[Intel-gfx] [PATCH RESEND] drm: i915: Preserve old FBC status for update without new planes

Paulo Zanoni paulo.r.zanoni at intel.com
Fri Jun 9 19:53:54 UTC 2017


Em Sex, 2017-06-09 às 22:40 +0300, Ville Syrjälä escreveu:
> On Fri, Jun 09, 2017 at 08:24:59PM +0100, Chris Wilson wrote:
> > Quoting Gabriel Krisman Bertazi (2017-06-01 16:36:08)
> > > If the atomic commit doesn't include any new plane, there is no
> > > need to
> > > choose a new CRTC for FBC, and the intel_fbc_choose_crtc() will
> > > bail out
> > > early.  Although, if the FBC setup failed in the previous commit,
> > > if the
> > > current commit doesn't include new plane update, it tries to
> > > overwrite
> > > no_fbc_reason to "no suitable CRTC for FBC".  For that scenario,
> > > it is
> > > better that we simply keep the old message in-place to make
> > > debugging
> > > easier.
> > > 
> > > A scenario where this happens is with the
> > > igt at kms_frontbuffer_tracking@fbc-suspend testcase when executed
> > > on a
> > > Haswell system with not enough stolen memory.  When enabling the
> > > CRTC,
> > > the FBC setup will be correctly initialized to a specific CRTC,
> > > but
> > > won't be enabled, since there is not enough memory.  The testcase
> > > will
> > > then enable CRC checking, which requires a quirk for Haswell,
> > > which
> > > issues a new atomic commit that doesn't update the planes.  Since
> > > that
> > > update doesn't include any new planes (and the FBC wasn't
> > > enabled),
> > > intel_fbc_choose_crtc() will not find any suitable CRTC, but
> > > update the
> > > error message, hiding the lack of memory information, which is
> > > the
> > > actual cause of the initialization failure.  As a result, this
> > > causes
> > > that test, which should skip, to fail on Haswell.
> > > 
> > > Changes since v1:
> > >   - Update commit message (Manasi)
> > > 
> > > Bugzilla: https://bugs.freedesktop.org/show_bug.cgi?id=100020
> > > Fixes: f7e9b004b8a3 ("drm/i915/fbc: inline
> > > intel_fbc_can_choose()")
> > 
> > I just don't see the test case as being a good reason to claim the
> > kernel behaviour is broken. The kernel may report any of the
> > reasons as
> > the one that caused FBC to be disabled (they are all valid, it is
> > only
> > the order in which we test, or the order in which we set the reason
> > that
> > determines the "reason" reported via debugfs). The test itself
> > looks to
> > be at fault for rejecting a valid FBC failure and claiming it to be
> > a
> > test failure. The test is far too fragile and dependent upon
> > assumptions
> > about the kernel internals.
> 
> Just a random idea that popped to my head (probably not for the first
> time); I think the most informative option would be to make the
> kernel
> report a separate fbc reason for each pipe. That way at least each
> pipe
> would have one clear reason for refusing fbc. Currently some of the
> reasons are per-pipe and some are global, which leads to this kind of
> confusion.

That makes a lot of sense. We can definitely consider it.
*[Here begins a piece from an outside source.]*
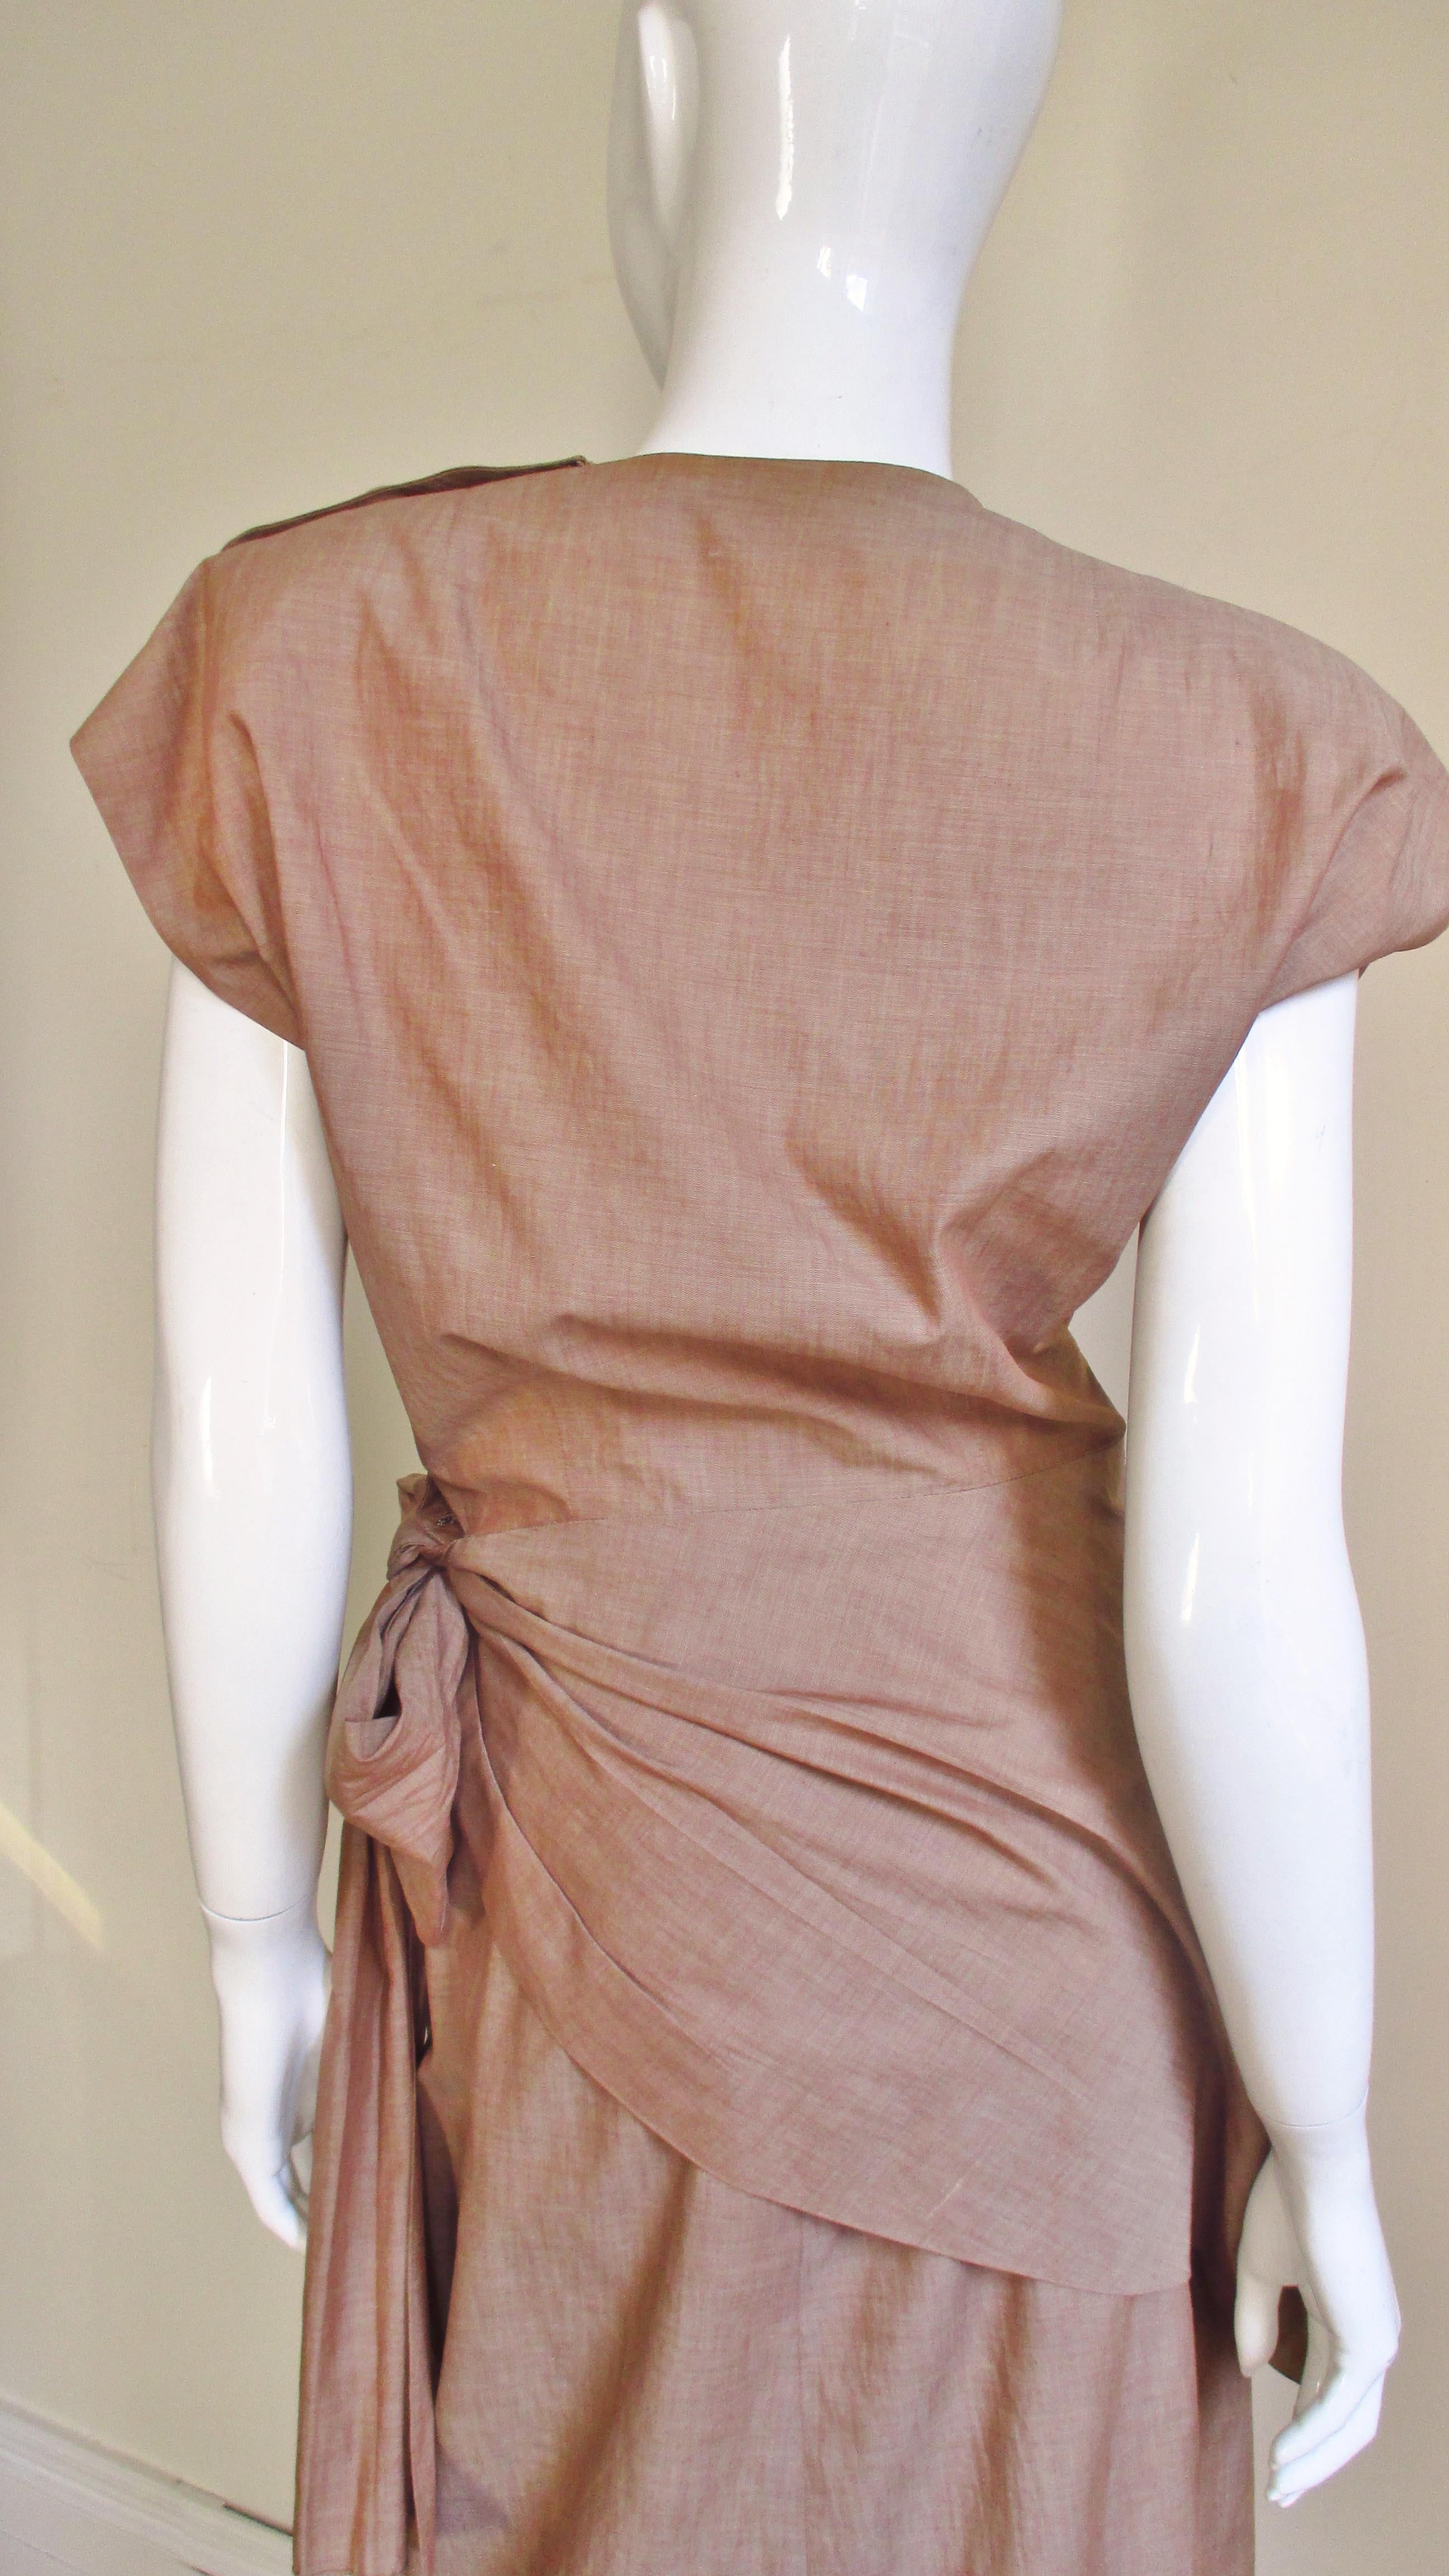  Adele Simpson 1940s Wrap Top and Skirt For Sale 5

But this also includes the problem that multiple modesets on the same
pipe change no_fbc_reason, so at some point we lose the information
that FBC once failed on this pipe due to the lack of stolen memory, so
I'm not 100% sure this would fix the specific bug addressed by this
patch.

Also, it increases the complexity of the debugfs interface instead of
reducing, so I'd be more inclined to implement proposals that involve
killing no_fbc_reason.

Sometimes I wonder if we should start using tracing or actual (debug-
only) events to signal user space about FBC being
enabled/disabled/whatever. Part of the issue is that i915 keeps polling
debugfs for state, so it can lose info sometimes.

> 
> But that of course doesn't solve all the problems if the test
> continues
> to make fragile assumptions about the kernel behaviour.

It's a trade-off: the more we know (assume) about the Kernel, the more
we can try to test and also the more can go wrong like it went here.